The Sinai Health is a hospital system which serves Toronto, Ontario, Canada. It comprises two hospitals, Mount Sinai Hospital (an acute care hospital) and Hennick Bridgepoint Hospital, formally Bridgepoint Active Healthcare (a rehabilitation hospital), both affiliated with the University of Toronto Faculty of Medicine.
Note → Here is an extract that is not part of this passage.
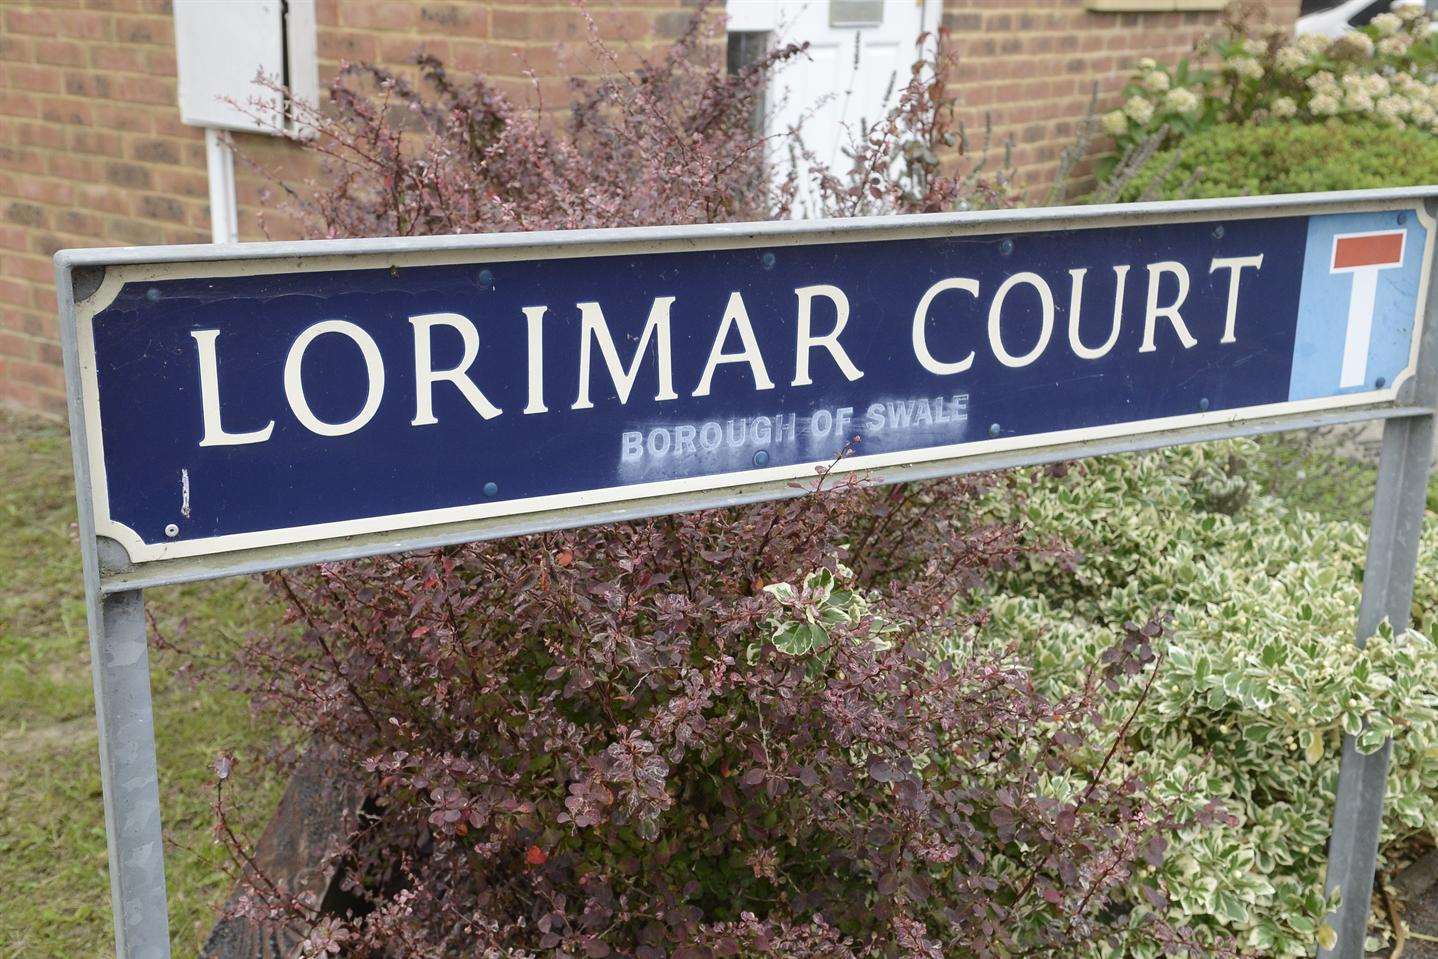 The Lorimar Court road sign

In the 2019-2020 fiscal year, there were nearly 29,000 inpatient stays and 59,700 emergency department visits for Mount Sinai Hospital. The average length of stay for inpatients was 4.4 days.

Formation
The hospital system was formed through the voluntary amalgamation of Mount Sinai Hospital (including the Lunenfeld-Tanenbaum Research Institute) and Hennick Bridgepoint Hospital on January 22, 2015.

Constituent hospitals

Mount Sinai Hospital

Mount Sinai Hospital (founded 1923 as The Hebrew Maternity and Convalescent Hospital) is a 442-bed general hospital located along the "Hospital Row" portion of University Avenue in downtown Toronto. It is connected via tunnels and bridges to three adjacent hospitals of the University Health Network: Toronto General Hospital, Toronto Rehabilitation Institute, and Princess Margaret Cancer Centre.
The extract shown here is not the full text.